Tibolone carries the same contraindications and precautions as other estrogen hormone therapies. A Cochrane systematic review found that tibolone was more effective than placebo for reducing vasomotor symptoms but less effective than estrogen plus a progestogen. There was a lower rate of unscheduled bleeding with tibolone compared to estrogen plus a progestogen.
The dosage of tibolone is 2.5 mg orally once per day. Current annual cost is approximately $1,300 (excluding markup and professional fees) and it is not a BC PharmaCare benefit.
Effects on other health outcomes6-9
Safety concerns identified by Health Canada during their review of tibolone include increased risks of endometrial cancer, breast cancer and stroke when compared to placebo. In addition to examining tibolone’s efficacy for vasomotor symptoms, Health Canada’s review refers to two long term clinical trials.
Both trials were stopped early (Table).
- LIFT due to an increased risk of stroke
- LIBERATE due to futility
This means there was little chance of the trial achieving its objectives. Tibolone has not been compared to estrogen plus progestogen in a long-term clinical trial.
| Trial | Participants | Trial objective | Trial outcome |
|---|---|---|---|
| LIFT 2008 | 4,538 postmenopausal women ages 60-85 with osteoporosis (mean age 68) | To assess whether tibolone reduces the risk of radiographic vertebral fractures compared to placebo |
|
| LIBERATE 2009 | 3,148 postmenopausal women aged < 75 with vasomotor symptoms and a history of breast cancer (mean age 53) | To assess wither tibolone reduces the risk of breast cancer recurrence compared to placebo |
|
Publicly accessible drug reviews by the US Food and Drug Administration (US FDA) have historically been more comprehensive than those provided by Health Canada but in 2006 tibolone was considered “not approvable” by the US FDA, so a detailed review is not available.

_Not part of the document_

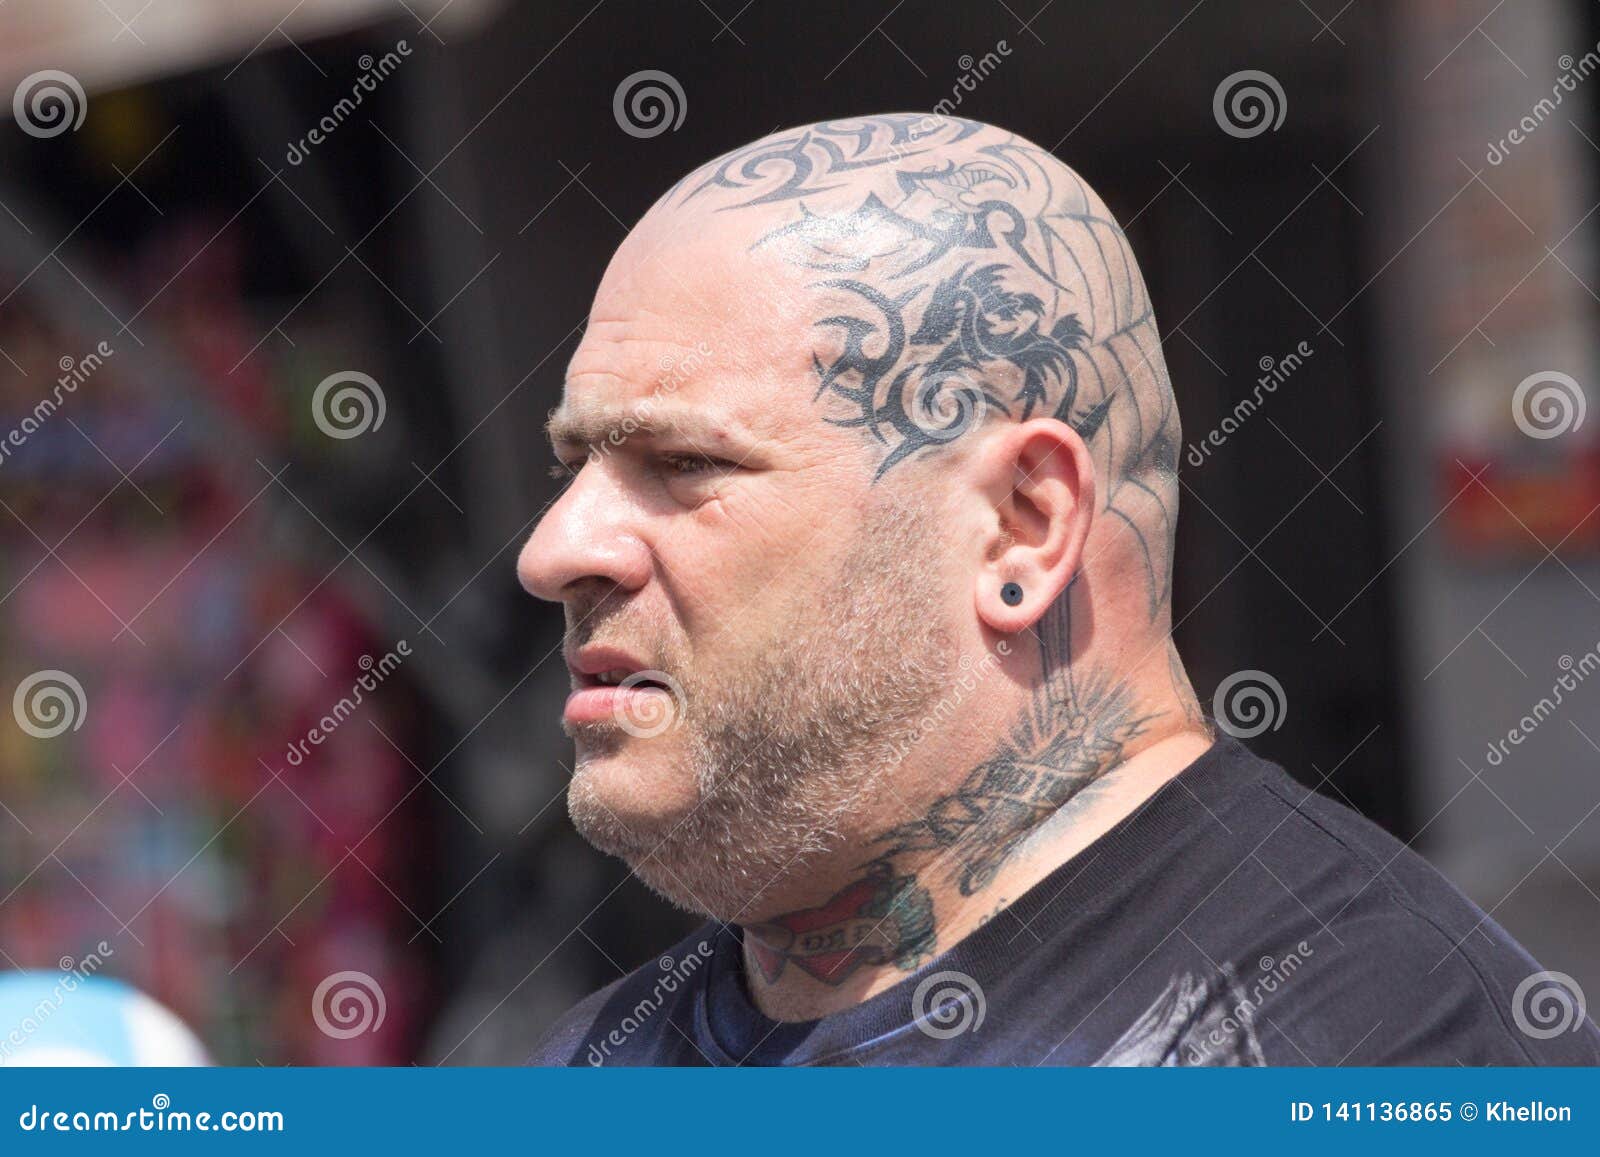 Man with Heavily Tattooed Head Editorial Image - Image of bald, tattoo:  141136865

Health Canada reports weighing their decision to approve tibolone on the clinical experience and observational evidence from its use in other countries. They do advise that the “decision to use Tibella should be based on assessment of the patient’s overall risks, including risk of stroke, particularly in patients over 60 years of age”. The short-term use indication is not strictly defined but Health Canada recommends reviewing the need for continued treatment after 6 months.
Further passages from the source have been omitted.